Another poor decision in the game last night, so early in the match it completely ruined it. Whatever about entertainment of the Premier League it seems to have a much lower standard of refs than the Bundesliga.
 
It's a really stupid rule, and typical of demonstrating how slow moving FIFA is as a body. The red card for deliberately denying a goal scoring opportunity is a smart rule to introduce to stop cynical, very deliberate fouls.

But the wording of the rule and the mandate given to refs is that any 'last man' is denial of a goal scoring opportunity, hence an automatic red. I guarantee that rule will change because it's patently ridiculous for challenges like the above. I mean, what is a defender supposed to do in one on one situations? Not challenge?

FIFA will change the rule, but it'll take 2 years to implement.
 
It's double problems for Wigan too as Caldwell picked up a 5th yellow against Newcastle so they have both him and Figeroda missing for the home match v QPR (which is a big match in the relegation battle). I think their other center back (Ben Watson) is also injured so they will really struggle at the back.

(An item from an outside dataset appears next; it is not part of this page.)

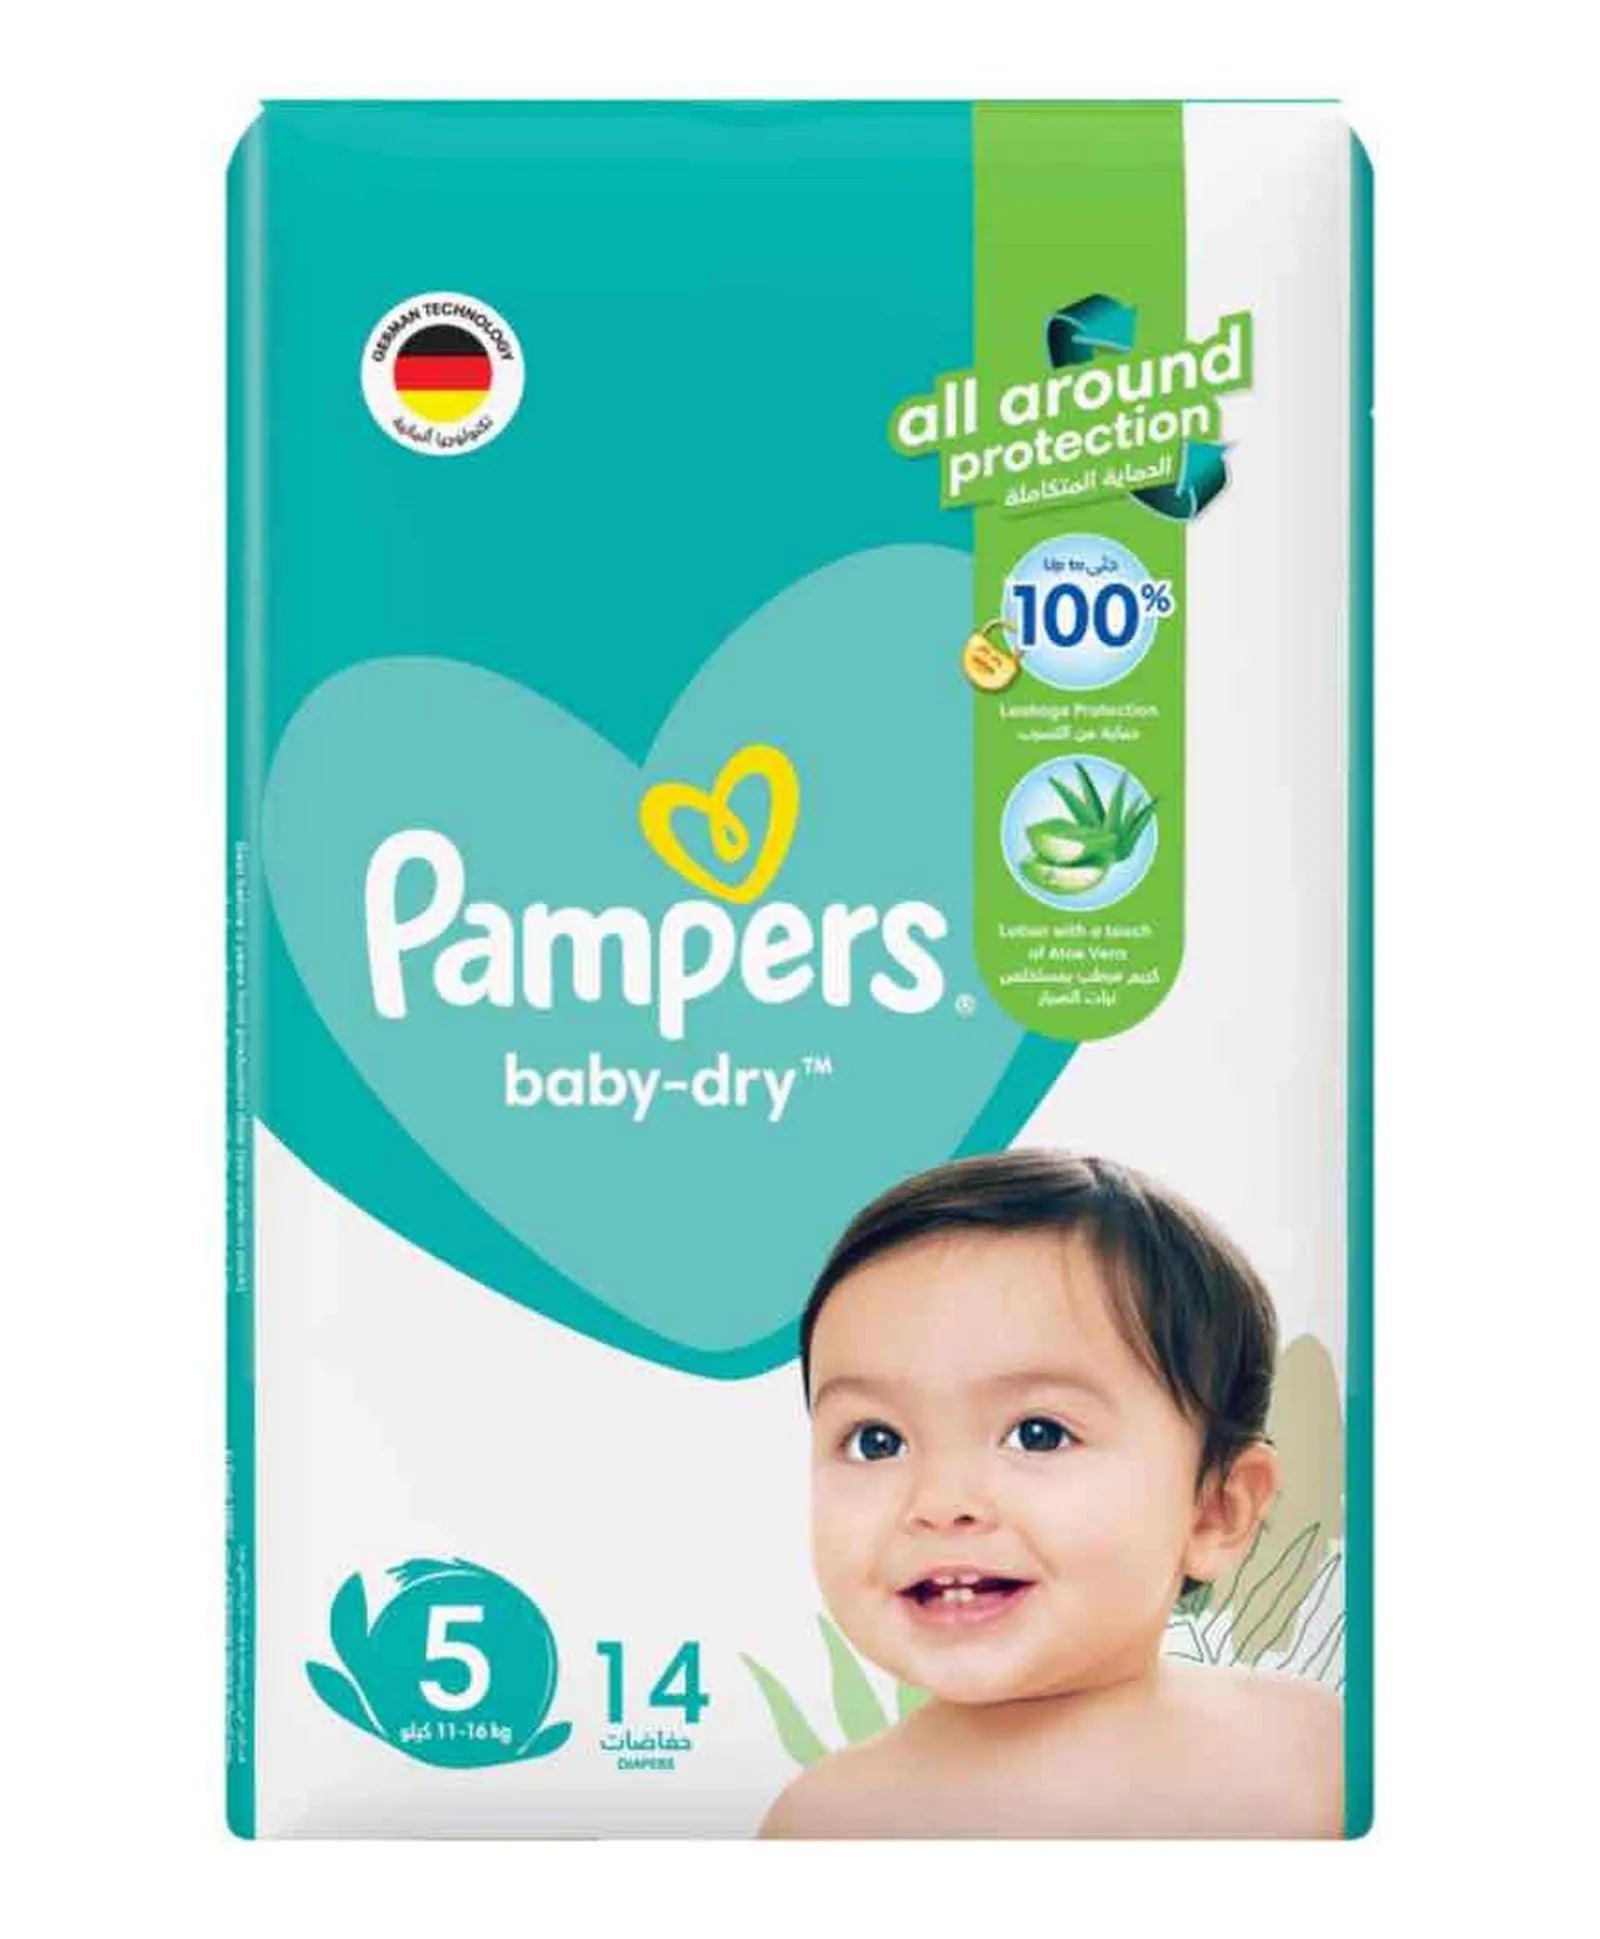 Pampers Baby Dry Diapers with Aloe Vera Lotion and Leakage Protection Size 5 - 14 - Wellness Shoppee

But the worst thing is if Wigan do appeal the card there is no chance it will get rescinded as the FA hardly ever go against an original decision. Everyone can make mistakes in any walk of life, even mistakes as incredulous as that sending off, but the FA dont want to "lose face" or undermine their refs, so appeals are almost always pointless (unless the ref didn't see something or booked the wrong player etc) - you're more likely to get an extra game ban. So justice is denied for the sake of preserving a myth of infallibility (or rather partial justice since only the ban and not the penalty nor the 70 odd mins Wigan were a man down can be restored).
 
It could be a penalty, but never a red card. Never.

And here in Belgium it happens fairly regularly that players who have been sent off don't get bans. My favourite team Genk got no less than 3 red cards. Afterwards television images clearly showed that those 3 red cards were mistakes. The 3 players never got an additional ban.
 
Some people are going on about our chances of finishing in a Champions League spot at the end of the season but I think that is seriously far fetched. We are on a good run which has got us to 7th but I don't think we'll finish in the top 4, and even then it is dependent on Monsieur Platini giving us a wild card place because of our national association status. It's still a bit early to call but I tell you what I'd be happy with a top 10 place come May, anything more than that is a bonus.